If VM Component Protection (VMCP) is enabled, vSphere HA can detect datastore accessibility failures and provide automated recovery for affected virtual machines.

VMCP provides protection against datastore accessibility failures that can affect a virtual machine running on a host in a vSphere HA cluster. When a datastore accessibility failure occurs, the affected host can no longer access the storage path for a specific datastore. You can determine the response that vSphere HA will make to such a failure, ranging from the creation of event alarms to virtual machine restarts on other hosts.

Note

When you use the VM Component Protection feature, your ESXi hosts must be version 6.0 or higher.

There are two types of datastore accessibility failure:

PDL

PDL (Permanent Device Loss) is an unrecoverable loss of accessibility that occurs when a storage device reports the datastore is no longer accessible by the host. This condition cannot be reverted without powering off virtual machines.

APD

APD (All Paths Down) represents a transient or unknown accessibility loss or any other unidentified delay in I/O processing. This type of accessibility issue is recoverable.

VM Component Protection is enabled and configured in the vSphere Web Client. To enable this feature, you must select the Protect against Storage Connectivity Loss checkbox in the edit cluster settings wizard. The storage protection levels you can choose and the virtual machine remediation actions available differ depending on the type of database accessibility failure.

PDL failures

A virtual machine is automatically failed over to a new host unless you have configured VMCP only to Issue events.

APD events

The response to APD events is more complex and accordingly the configuration is more fine-grained.

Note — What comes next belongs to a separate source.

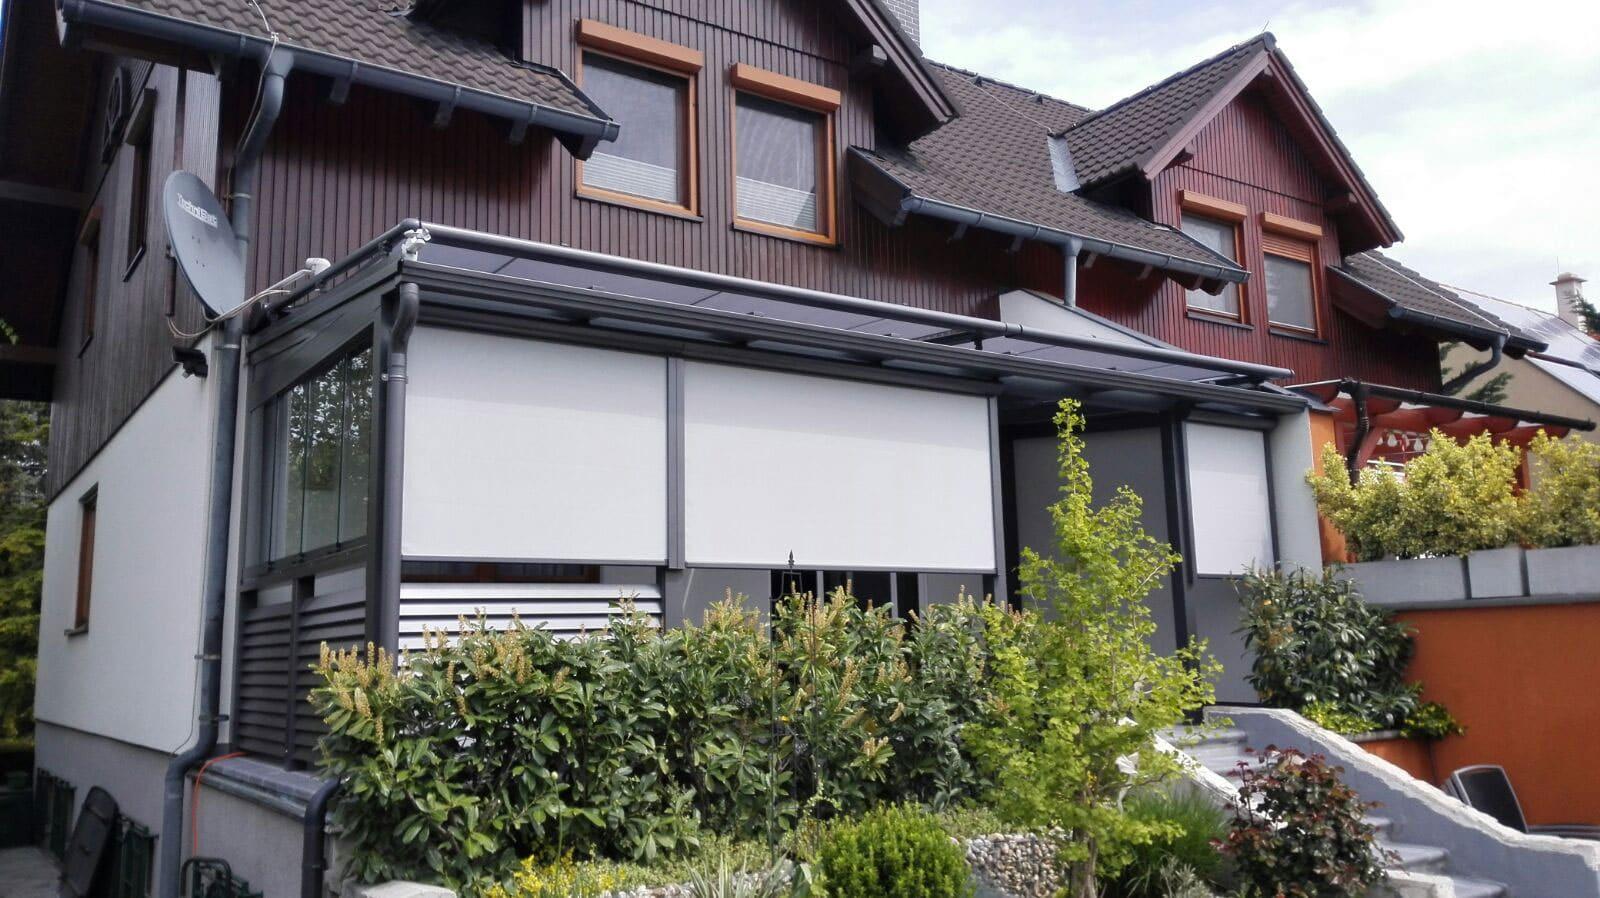 Terrassendach Alu 69 | Alu-Lamellen-Geländer, hellgraue Sekrechtmarkisen, Seitenverglasung | Svoboda

After the user-configured Delay for VM failover for APD period has elapsed, the action taken depends on the policy you selected. An event will be issued and the virtual machine is restarted conservatively or aggressively. The conservative approach does not terminate the virtual machine if the success of the failover is unknown, for example in a network partition. The aggressive approach does terminate the virtual machine under these conditions. Neither approach terminates the virtual machine if there are insufficient resources in the cluster for the failover to succeed.

If APD recovers before the user-configured Delay for VM failover for APD period has elapsed, you can choose to reset the affected virtual machines, which recovers the guest applications that were impacted by the IO failures.

Note

If either the Host Monitoring or VM Restart Priority settings are disabled, VMCP cannot perform virtual machine restarts. Storage health can still be monitored and events can be issued, however.

For more information on configuring VMCP, see Configure Virtual Machine Responses.

The following timeline graphically demonstrates how VMCP recovers from a storage failure.

VMCP

T=0s: A storage failure is detected. vSphere HA starts the recovery process. For a PDL event, the workflow immediately starts and VMs are restarted on healthy hosts in the cluster. If the storage loss is due to an APD event, the APD Timeout timer starts (the default is 140 seconds).

T=140s: The host declares an APD Timeout and begins to fail non-VM I/O to the unresponsive storage device.

Between T=140s and 320s: This is the time period defined by the Delay for VM failover for APD, which is 3 minutes by default. The guest applications might become unstable after losing access to storage for an extended period of time. If an APD is cleared in this time period, the option to reset the VMs is available.

T=320s: vSphere HA now starts the APD recovery response after the Delay for VM failover for APD elapses (3 minutes after the APD Timeout is reached).